▸ TASK TO CARRY OUT
The records below are to be reproduced exactly, with the pictures left out.

▸ RECORD EXTRACTS

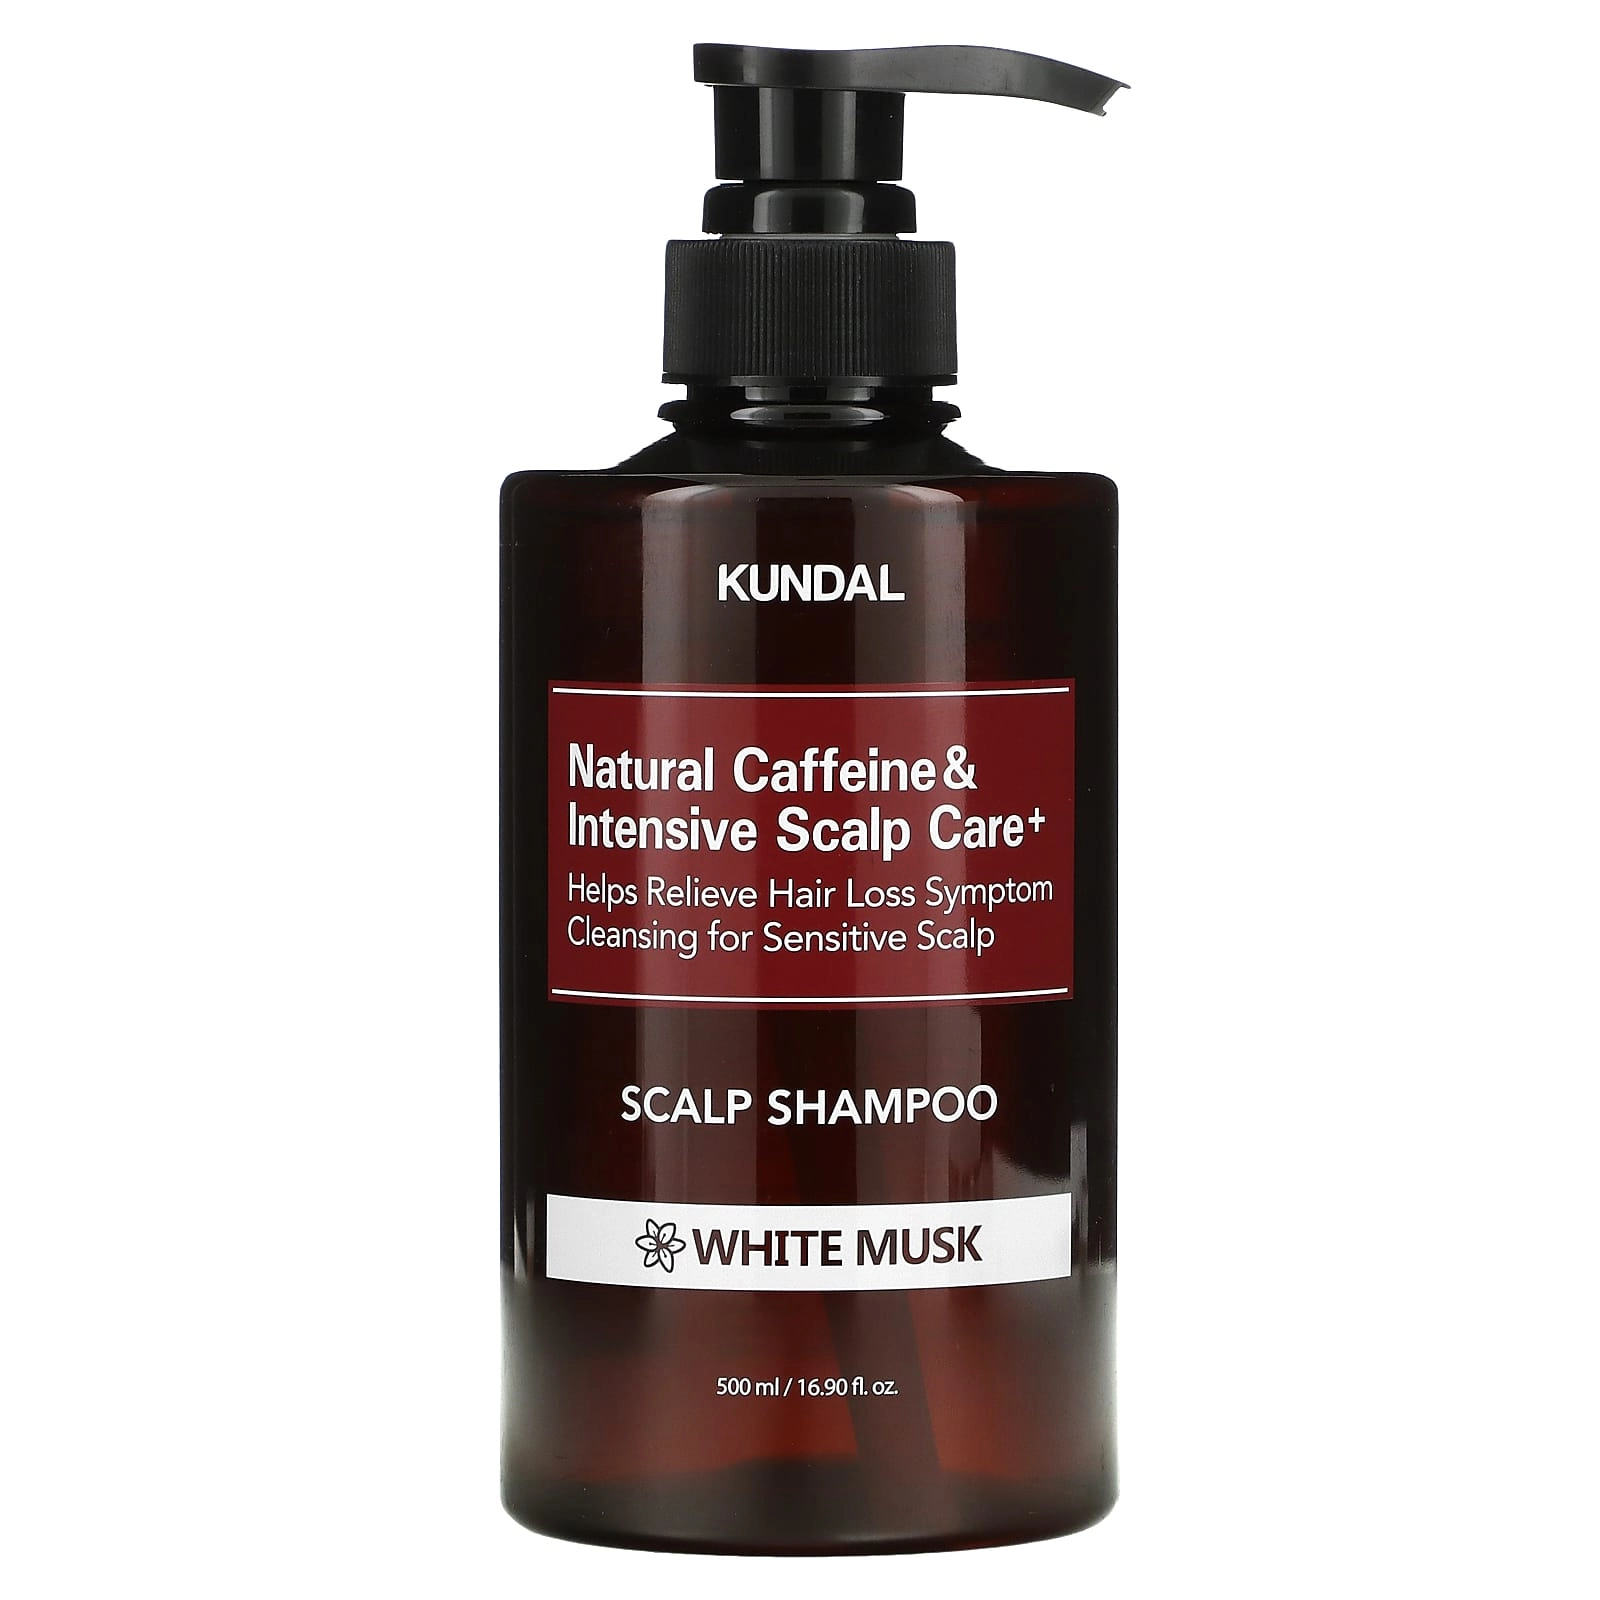 Шампунь против выпадения волос "Белый мускус" - Kundal Natural Caffeine & Intensive Scalp Care Shampoo White Musk, 500 мл - фото N2
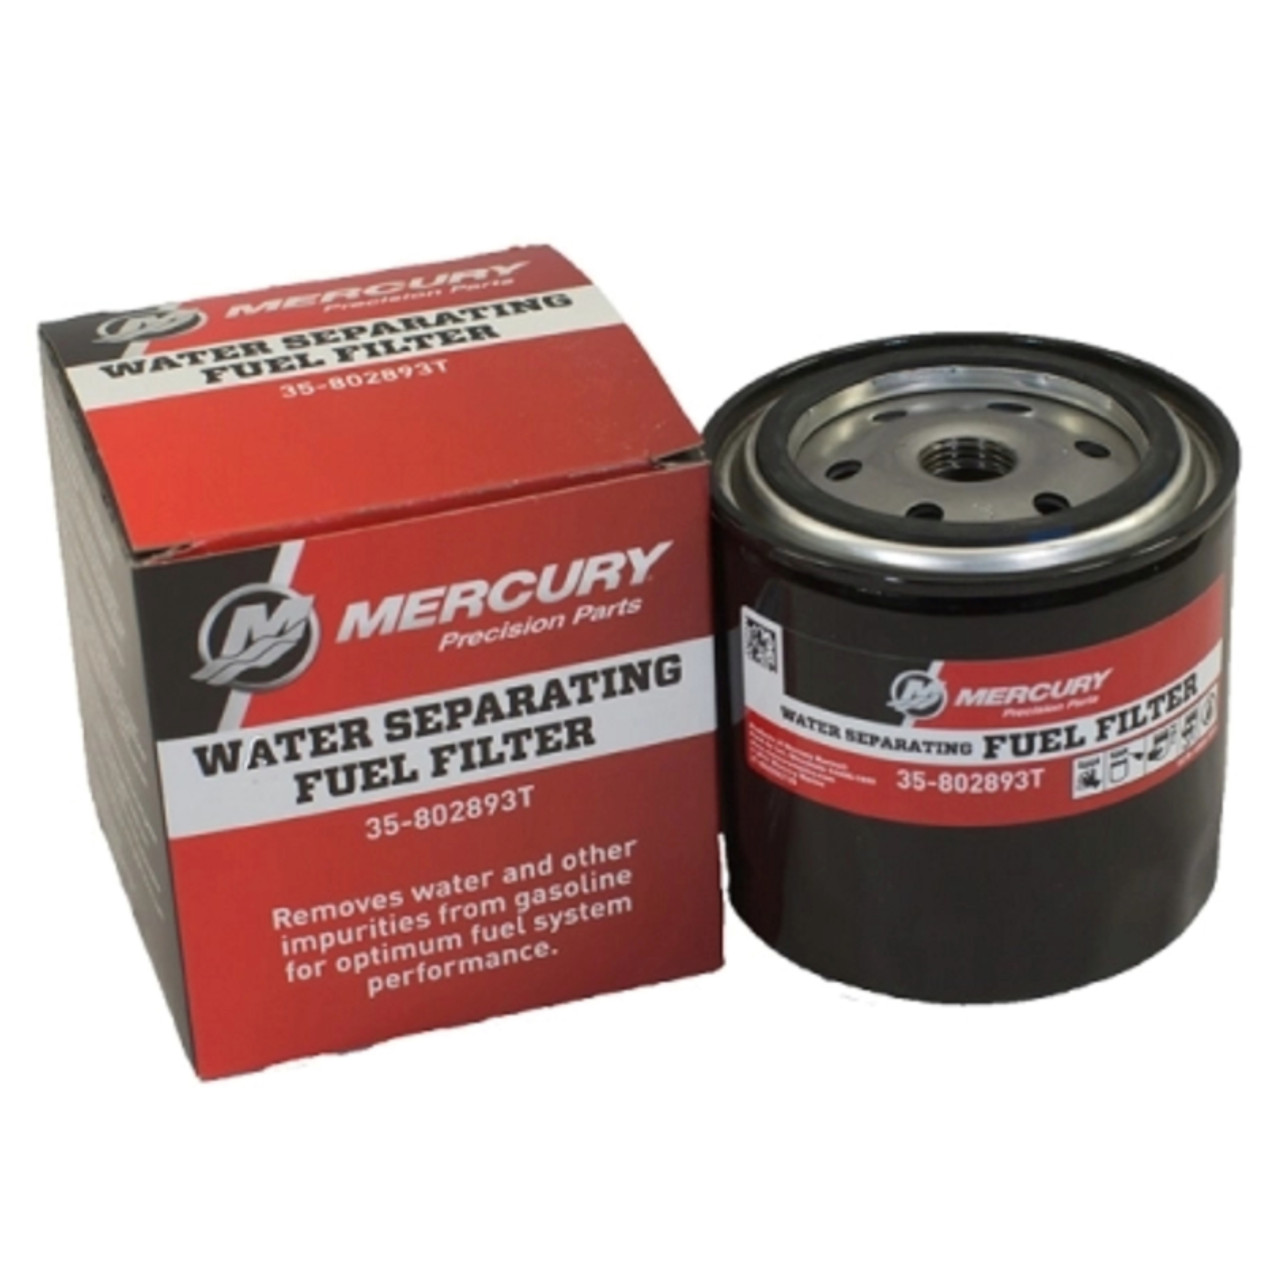 Mercury Marine Mercruiser New OEM Water Separating Fuel Filter Set of 2 35-802893T
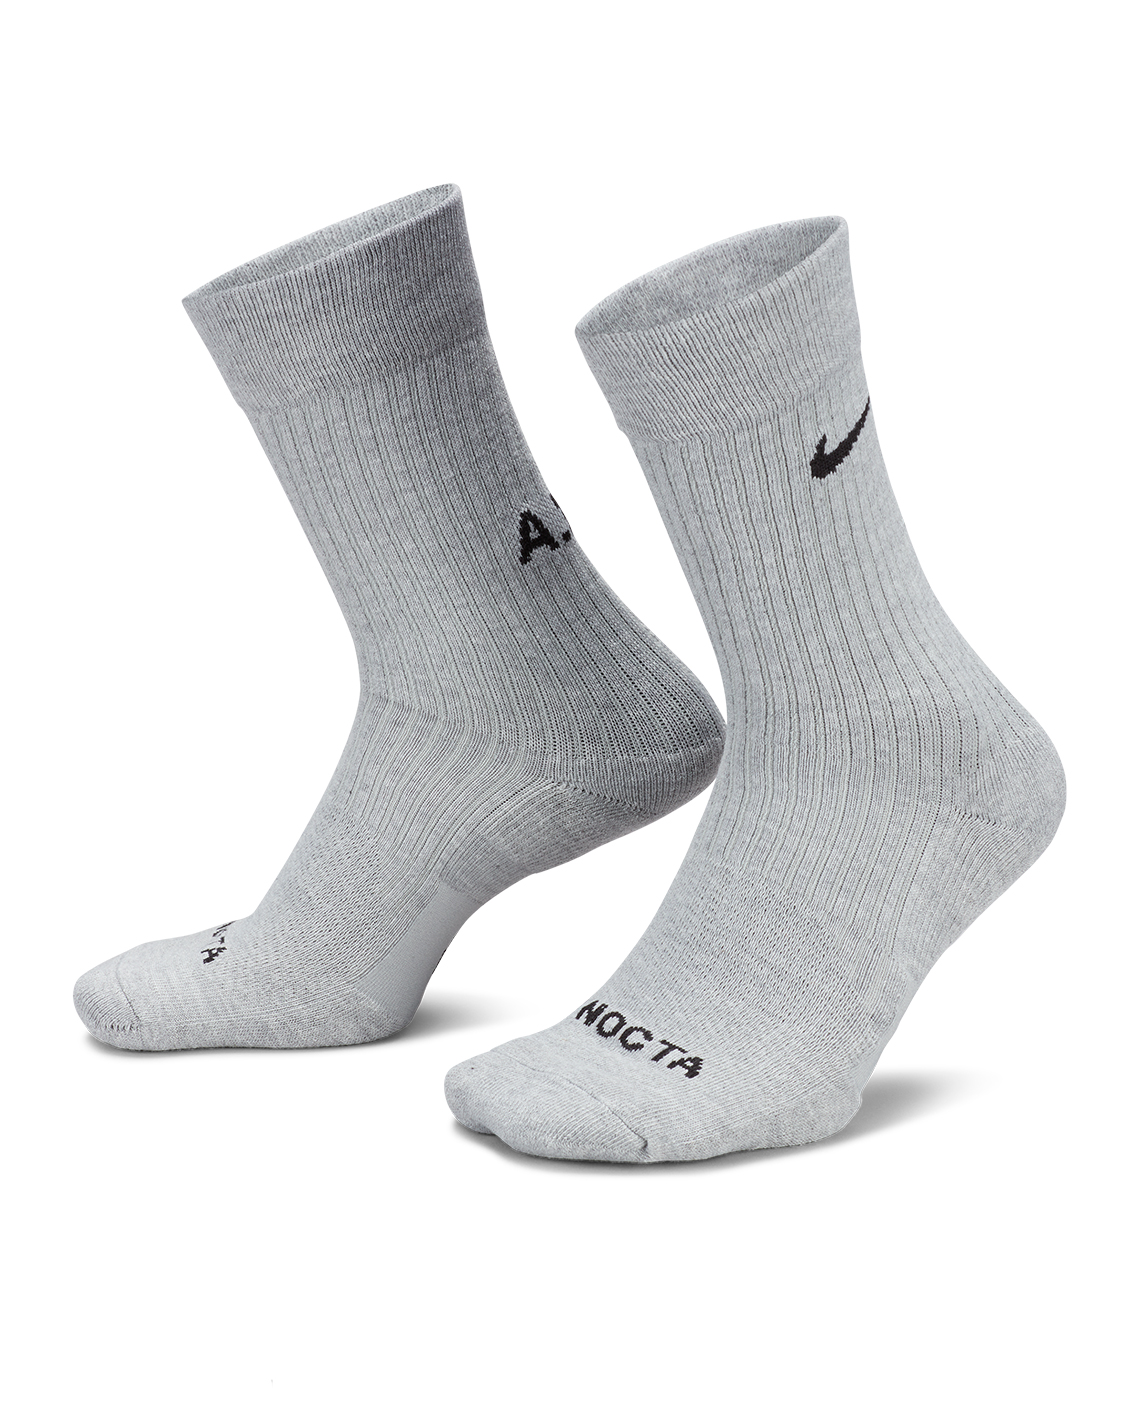 Dd9240 902 Nike Nocta Distant Regards Socks
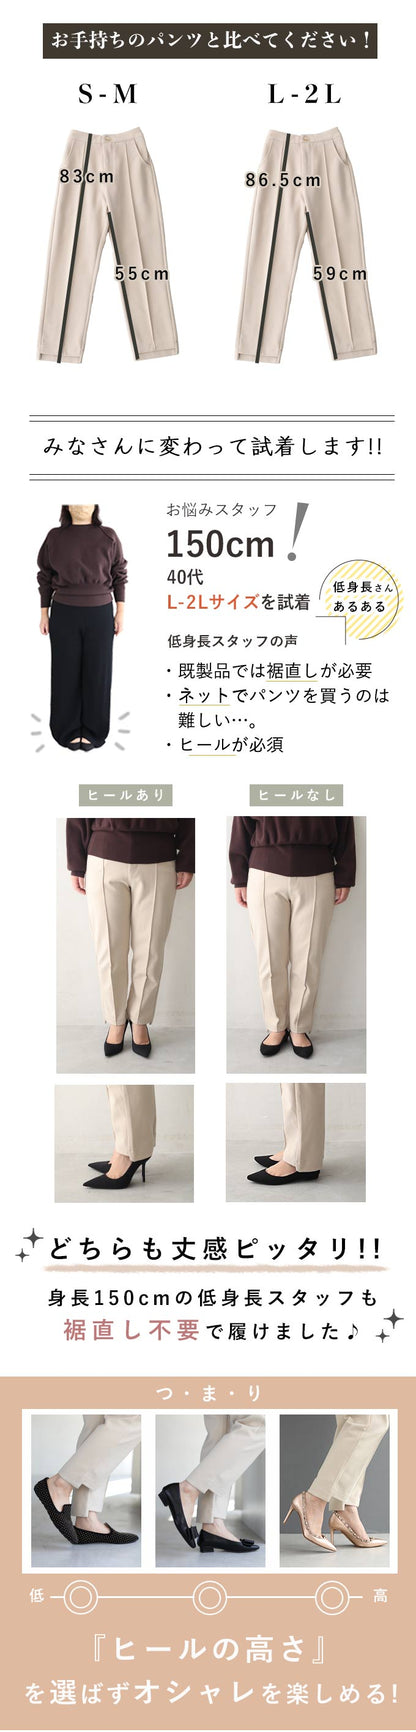 【wc-w54010】（S~M/L~2L対応）低身長さん用 裾直し不要美脚パンツ
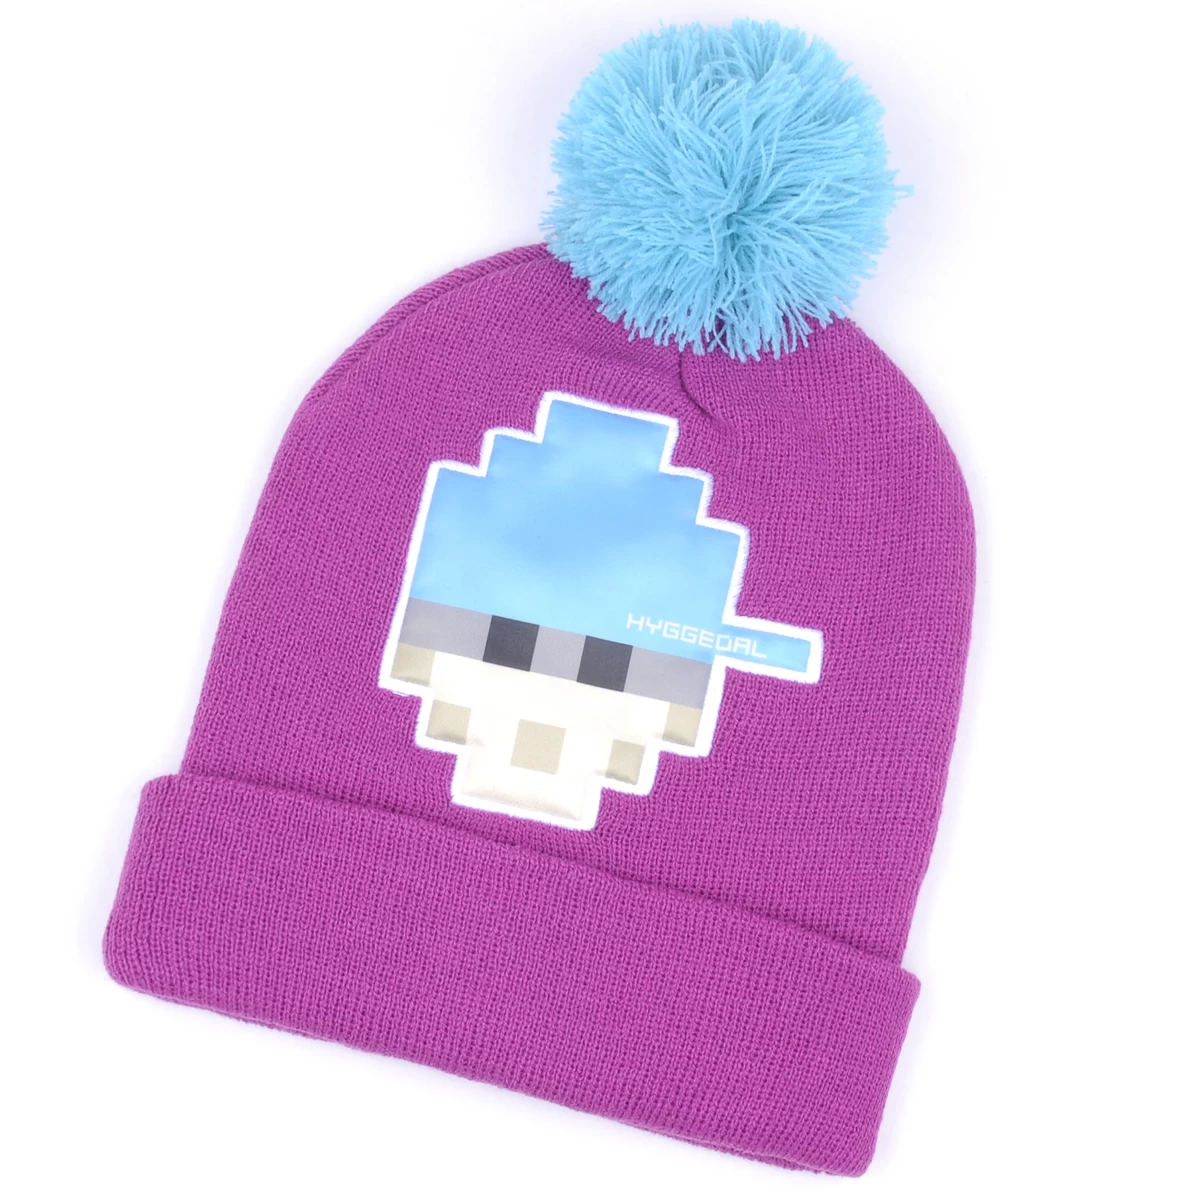 custom winter cap for baby boy

▸ SOLUTION BELOW
 Шампунь против выпадения волос "Белый мускус" - Kundal Natural Caffeine & Intensive Scalp Care Shampoo White Musk, 500 мл - фото N2
 Mercury Marine Mercruiser New OEM Water Separating Fuel Filter Set of 2 35-802893T
 Dd9240 902 Nike Nocta Distant Regards Socks
 【wc-w54010】（S~M/L~2L対応）低身長さん用 裾直し不要美脚パンツ
 custom winter cap for baby boy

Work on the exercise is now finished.